» INFORMATION SUPPLIED:
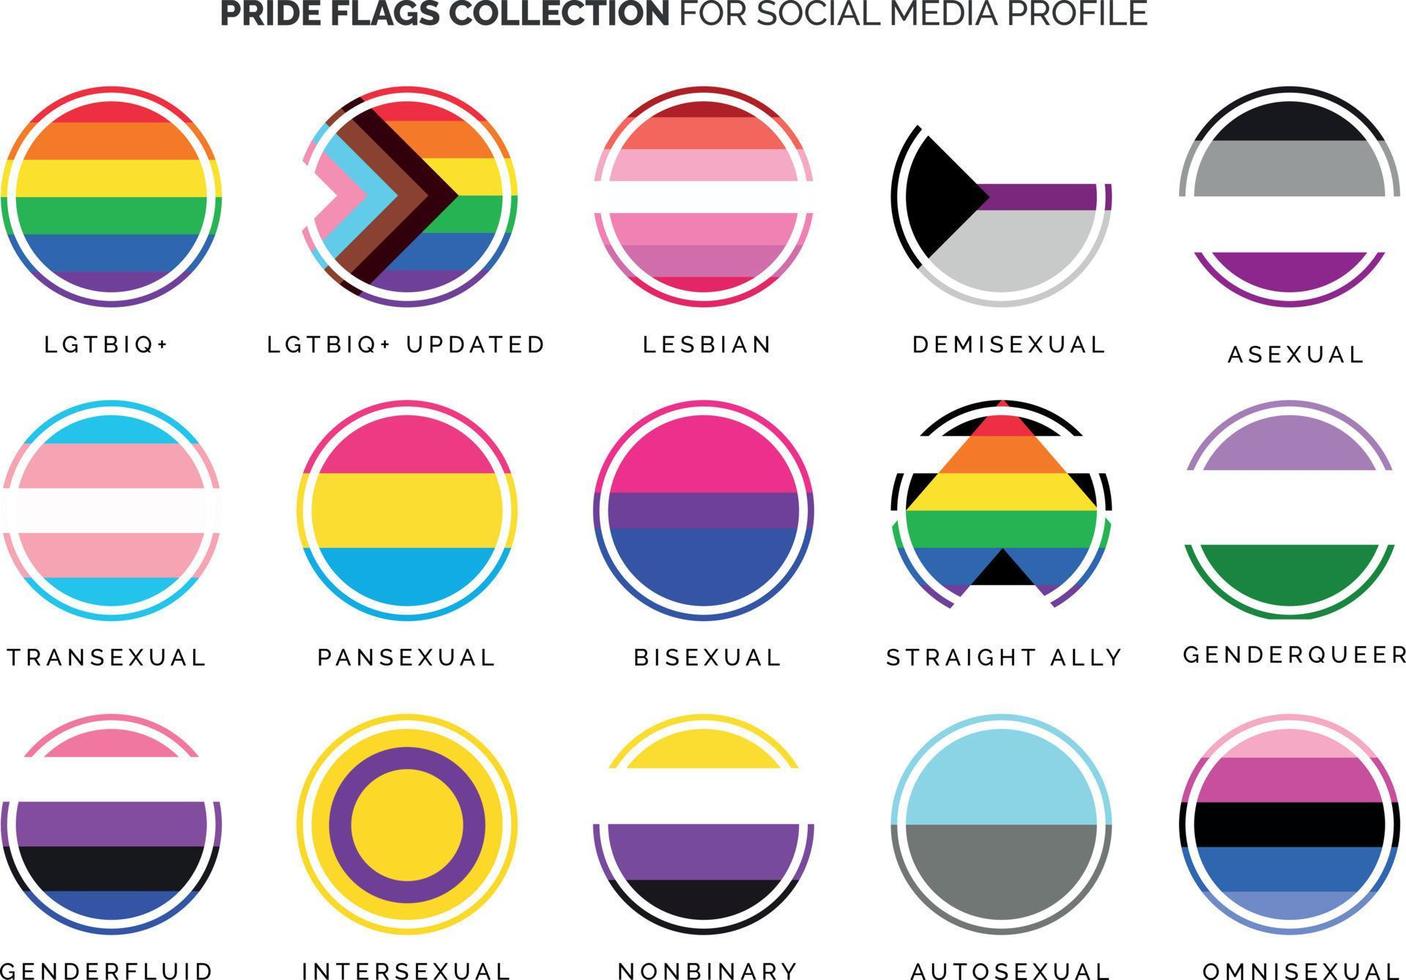 collection de drapeaux de fierté pour le profil de médias sociaux vecteur
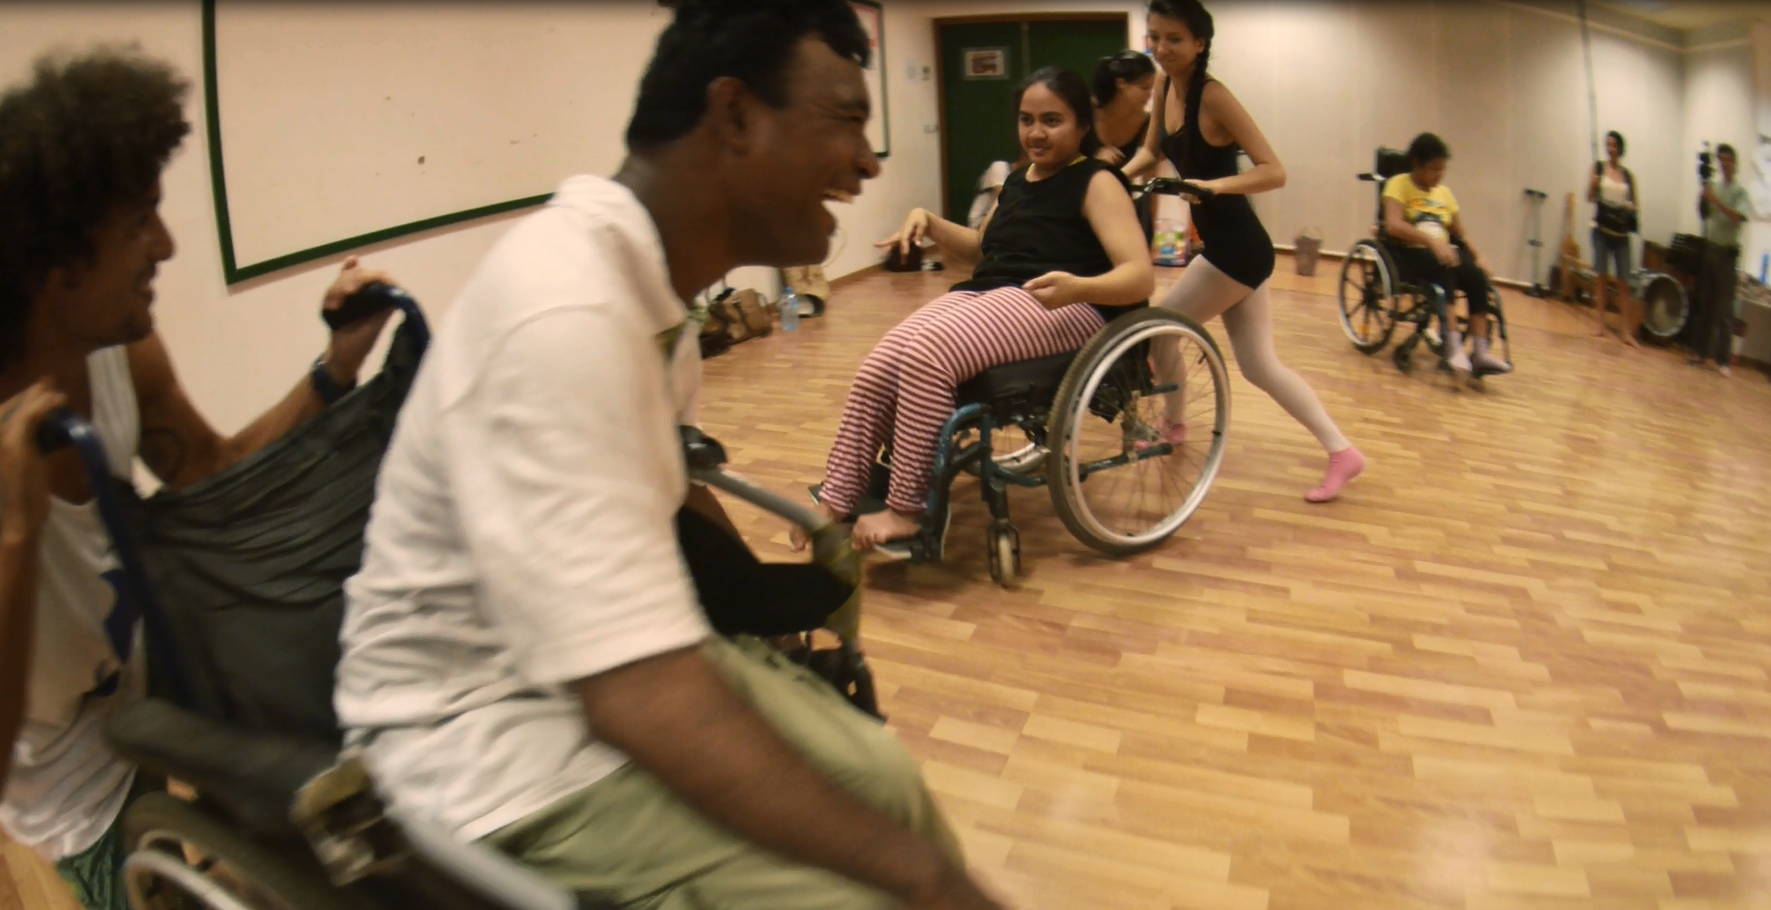 Danse en fauteuil roulant ou au sol, c'est tout en poésie qu'ils s'exprimeront avec leurs corps.
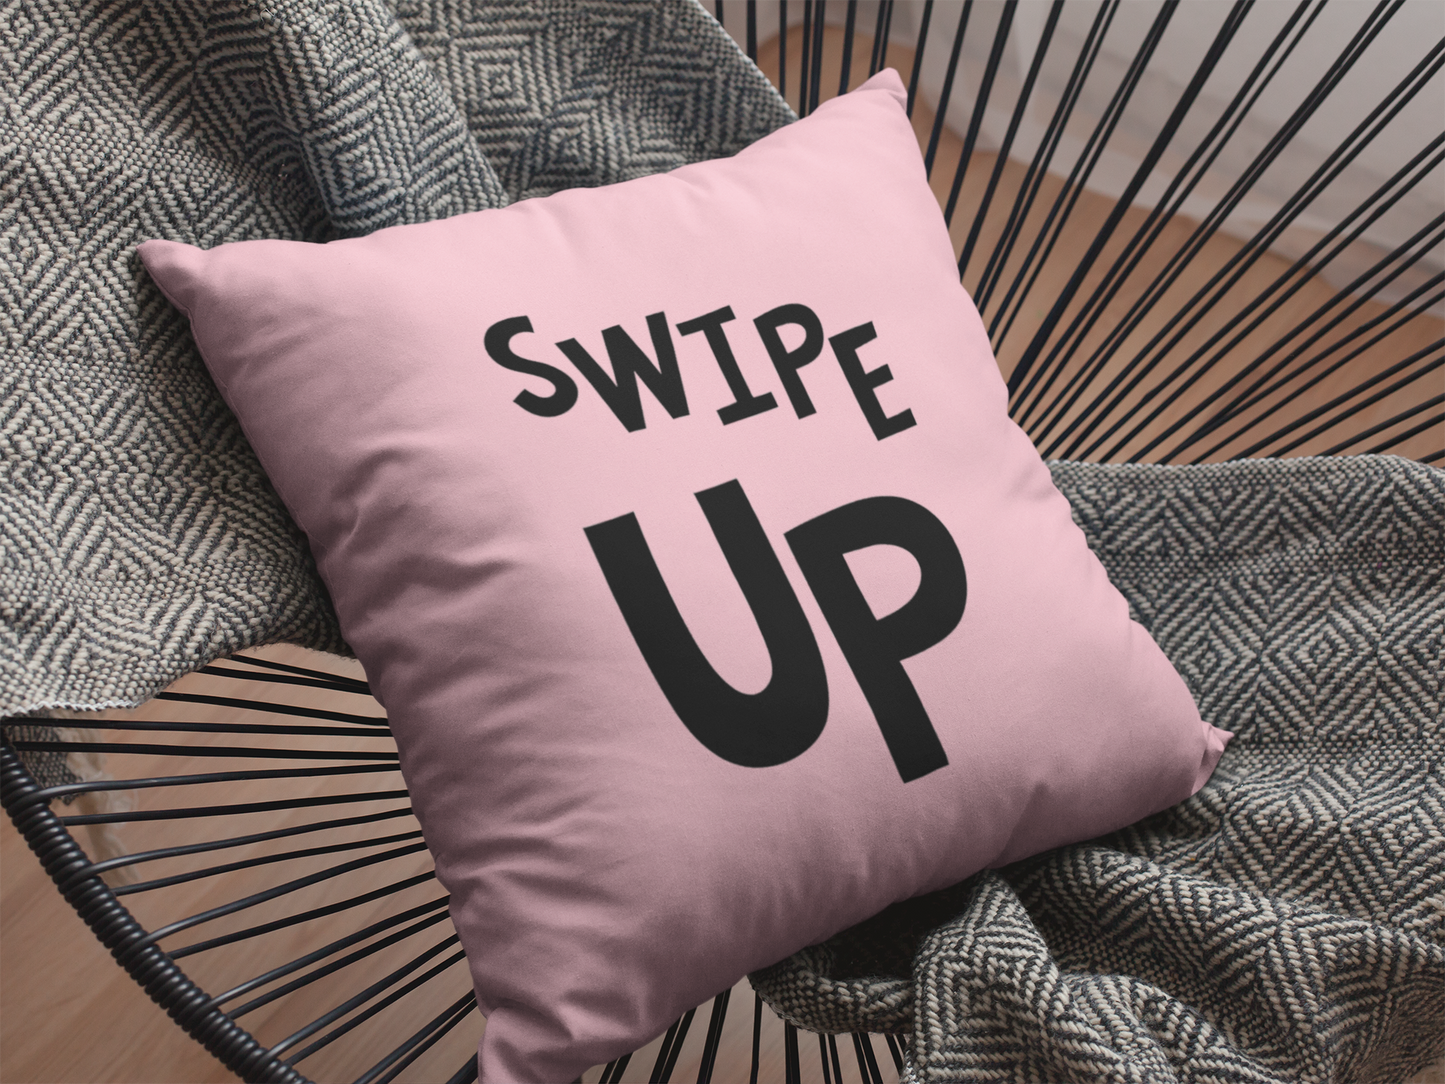 Swipe Up Printed Cushion
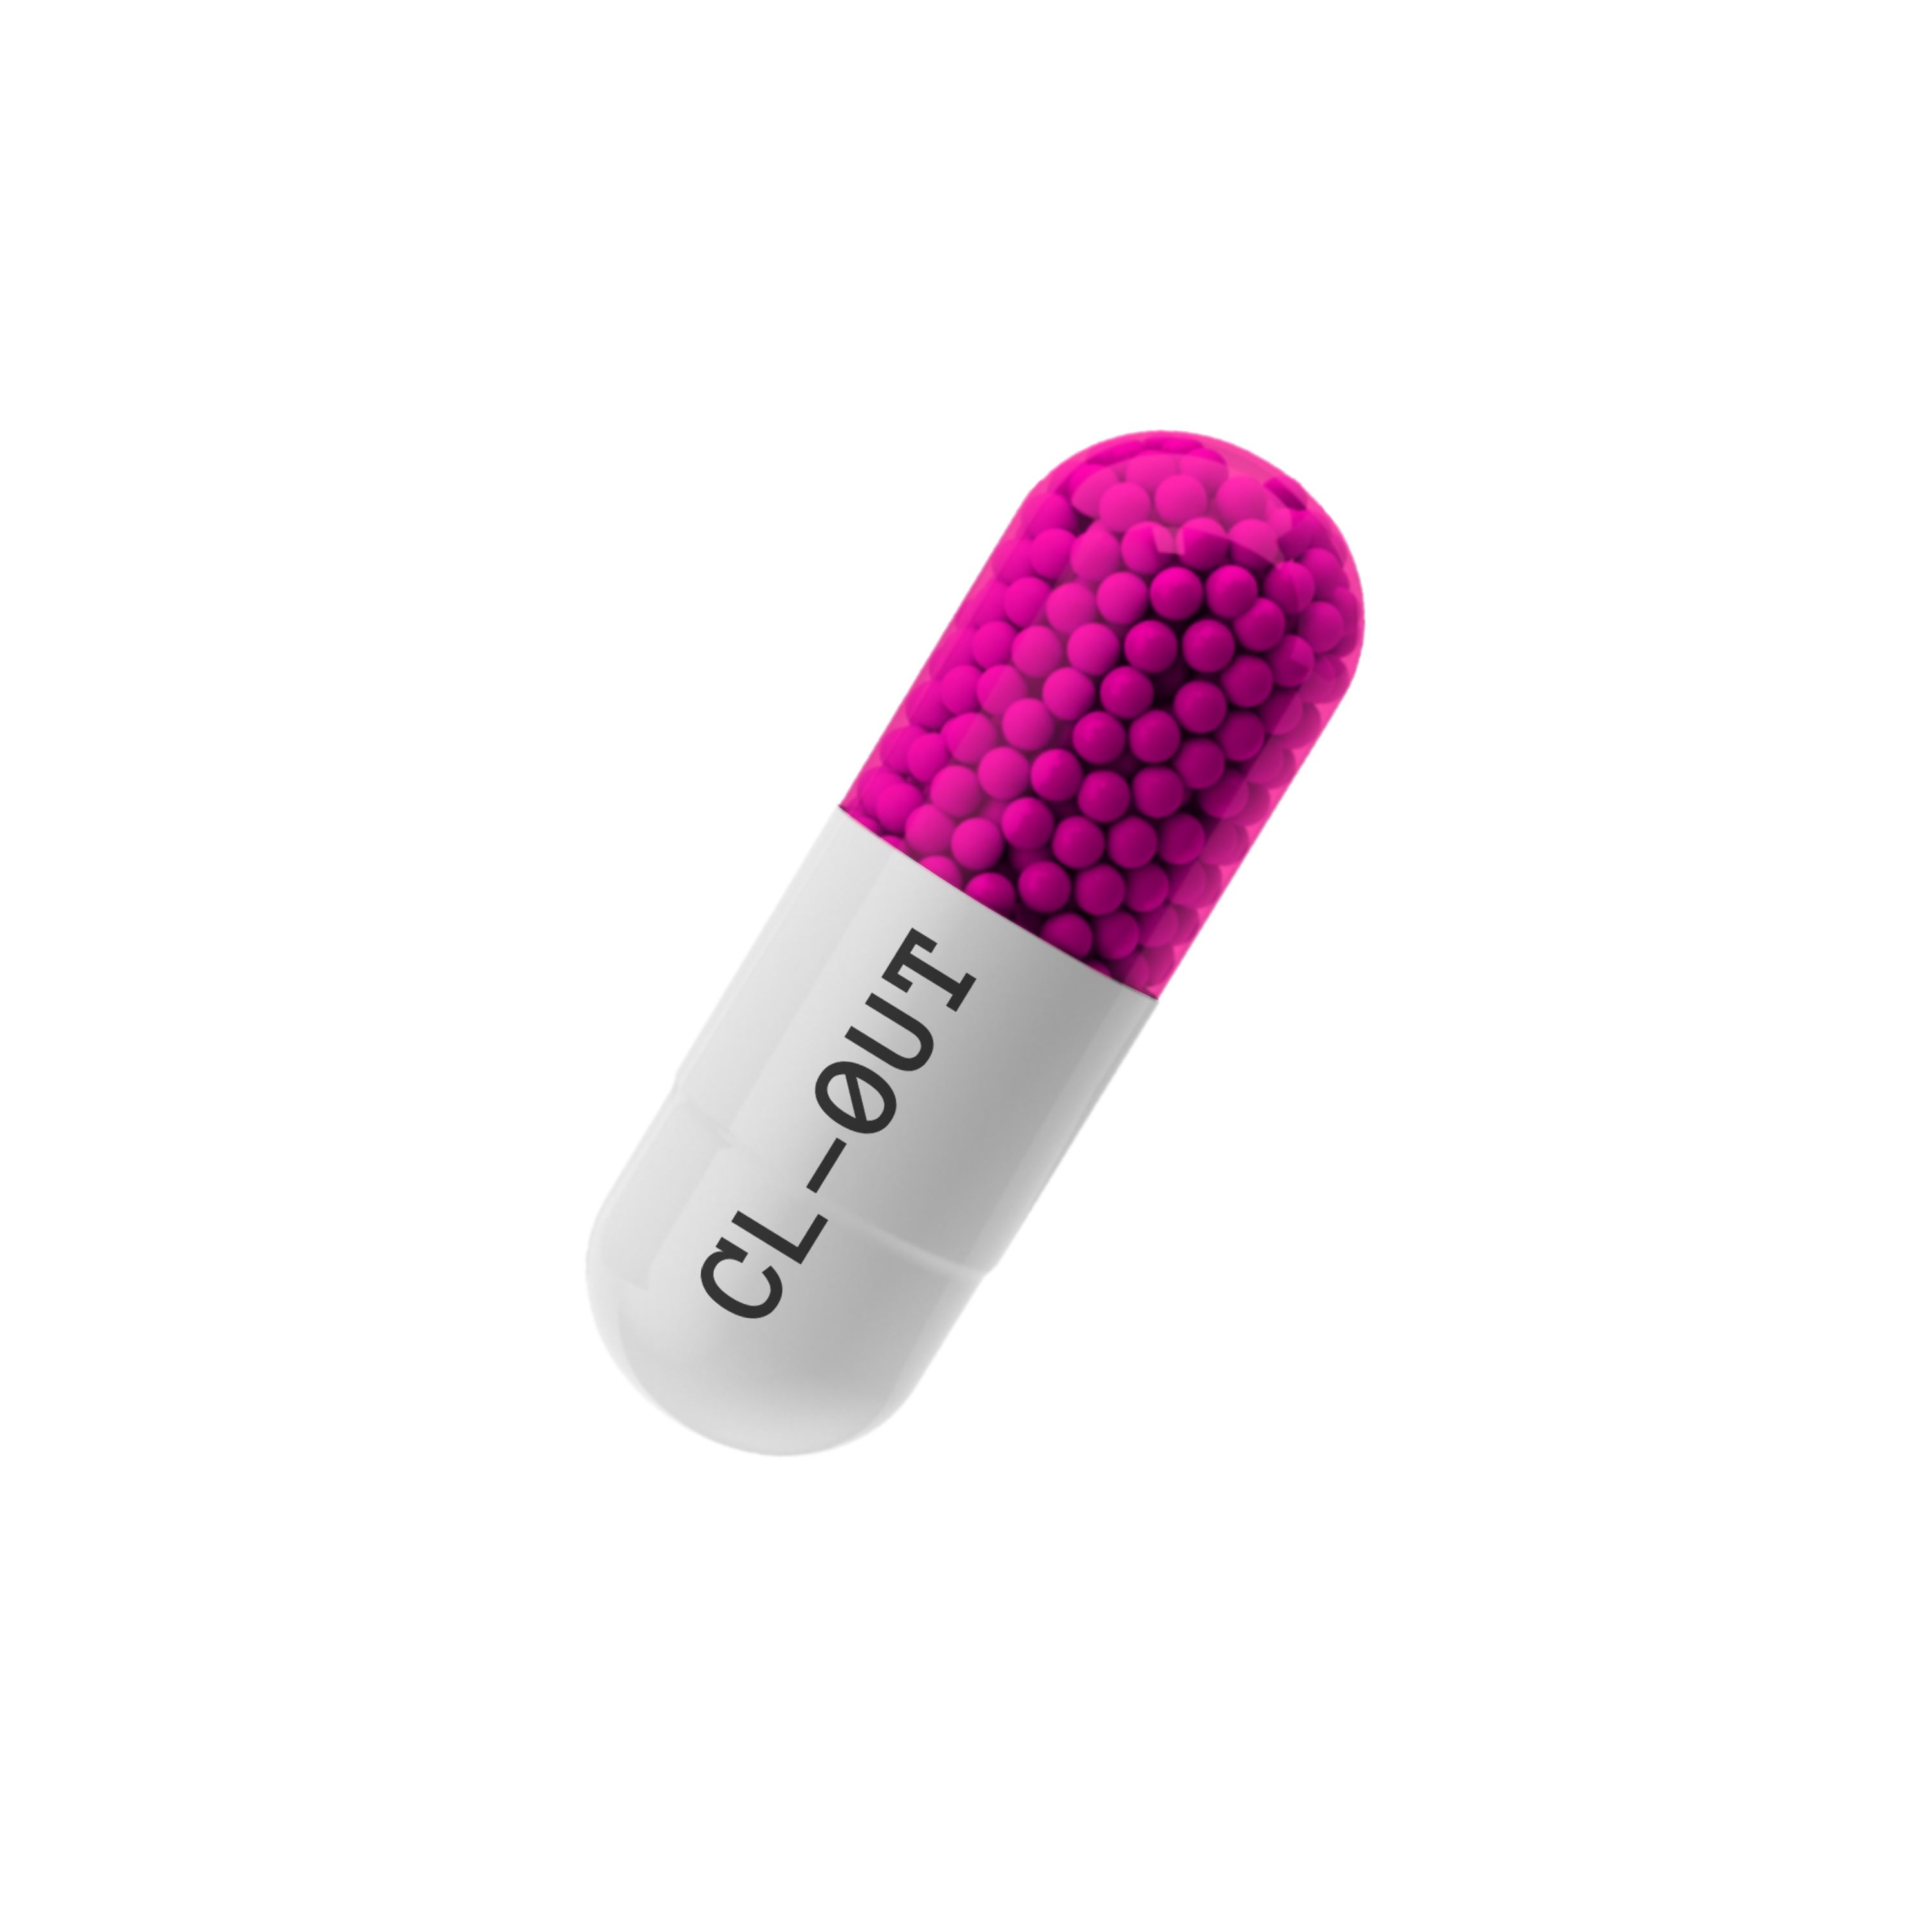 Cl0ut_Pill//#16

» WHAT TO PRODUCE: The whole listing above is to be printed again exactly; pictures stay out of it.

» SOLUTION FOR THIS EXERCISE:
 collection de drapeaux de fierté pour le profil de médias sociaux vecteur
 Danse en fauteuil roulant ou au sol, c'est tout en poésie qu'ils s'exprimeront avec leurs corps.
 Swipe Up Printed Cushion
 Cl0ut_Pill//#16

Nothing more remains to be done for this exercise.